Hygiene for All-On-4

Hygiene protocol for full-arch All-on-4 fixed bridges

MY COLLEAGUES FREQUENTLY ASK ME what my hygiene follow-up protocol is for full-arch All-on-4fixed bridges (Nobel Biocare; figure 1). There seems to be a wide spectrum as to how clinicians treat patients after their final All-on-4 bridge is delivered, and I am sure that many options exist to adequately manage these patients in the dental hygiene department.

In this article, I will share the follow-up protocol I have used over the last 13 years, as well as some of my reasonings for doing so. I don’t offer any clinical research to support my protocol. I simply developed this protocol after having treated and maintained hundreds of full-arch fixed implant bridges, and this is what works in my practice. If you are looking for a protocol for your practice, I recommend using this one as a quick baseline program and then developing your own customized practices over time.

One of the most important steps that you can take to improve the chances of patients adequately maintaining their oral hygiene is to set up your plan for success from the beginning. Patients are often referred to my practice with complications after the delivery of their final prosthesis. A common origin of these complications is inadequate vertical height for the bridge. Aside from this resulting in fractures of the bridge, it is also the primary source of creating a concave intaglio surface (figure 2).

Figure 1: Fixed full-arch bridge Figure 2: >Concave intaglio = hygiene nightmare

The patient whose bridge is shown in Figure 2 returned to her dentist after the final bridge was placed complaining of speech difficulty and pain. The dentist told her everything was normal and that she needed to adapt to the bridge. Three months later, the patient presented to my office. The speech issue was legitimate in my opinion (that’s a story for another day), but I was concerned about the sensation of pain.
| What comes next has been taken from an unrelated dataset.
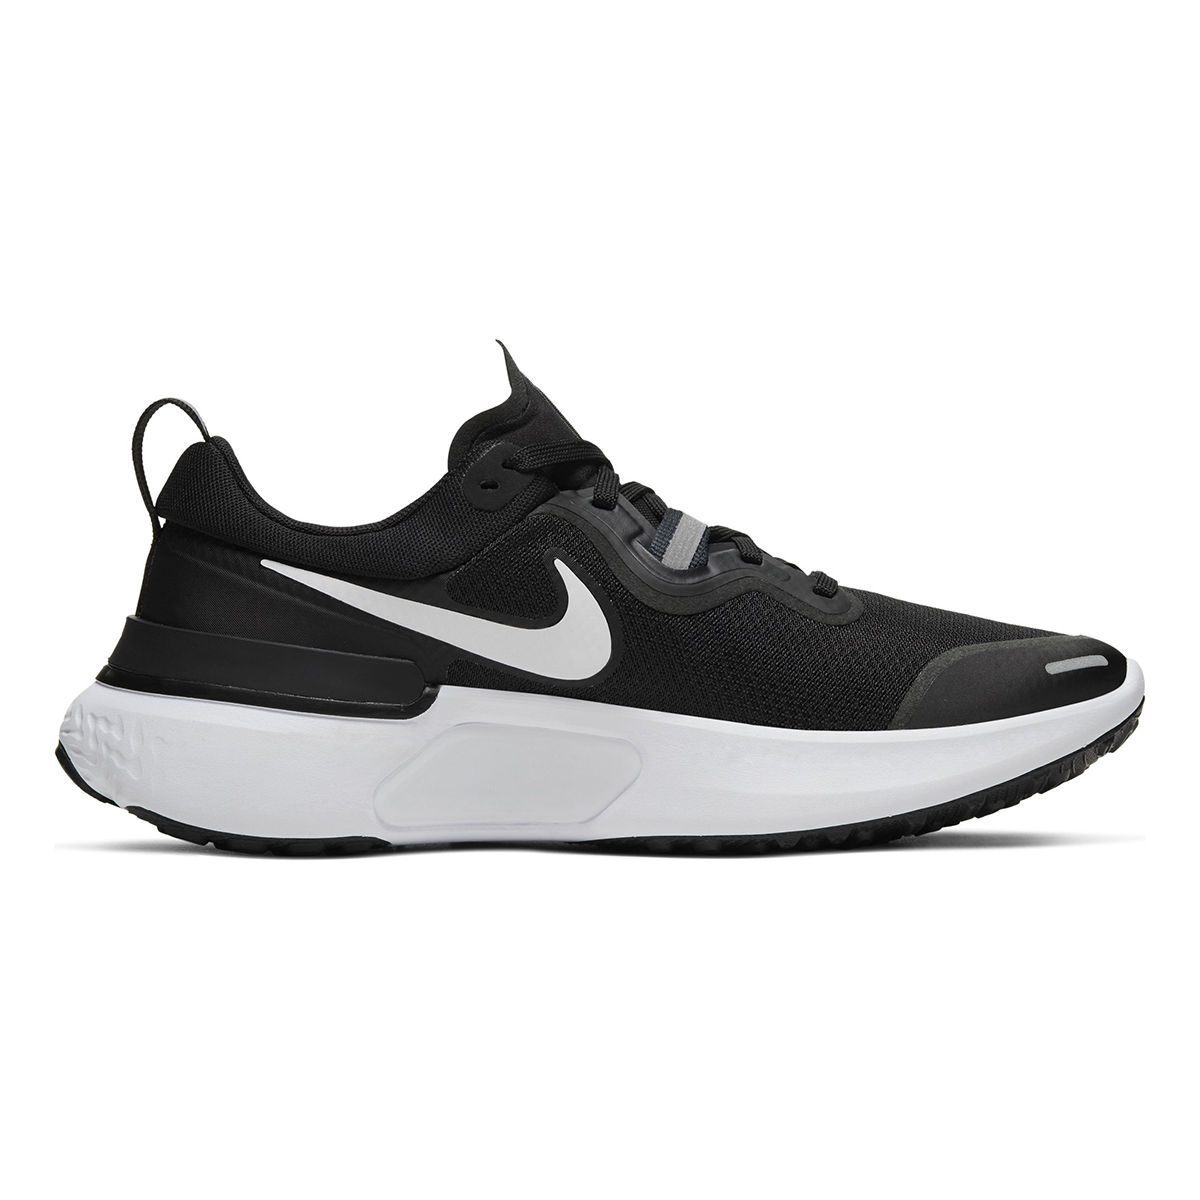 Women's Nike React Miler Running Shoe - Color: Black/Dark Grey/Anthracite/White (Regular Width) - Size: 5, Black/Dark Grey/Anthracite/White, large, image 1

I removed the bridge to find the intaglio packed with food debris. The patient’s tissue was inflamed (figure 3), and she had developed a fungal infection. This could have been avoided with better presurgical preparation, adequate bone reduction, and proper vertical space development, which would have allowed the lab to make a hygienic intaglio (figure 4). Note the smooth and flowing intaglio surface in Figure 4. This is a bridge that can be easily maintained by the patient and hygienist.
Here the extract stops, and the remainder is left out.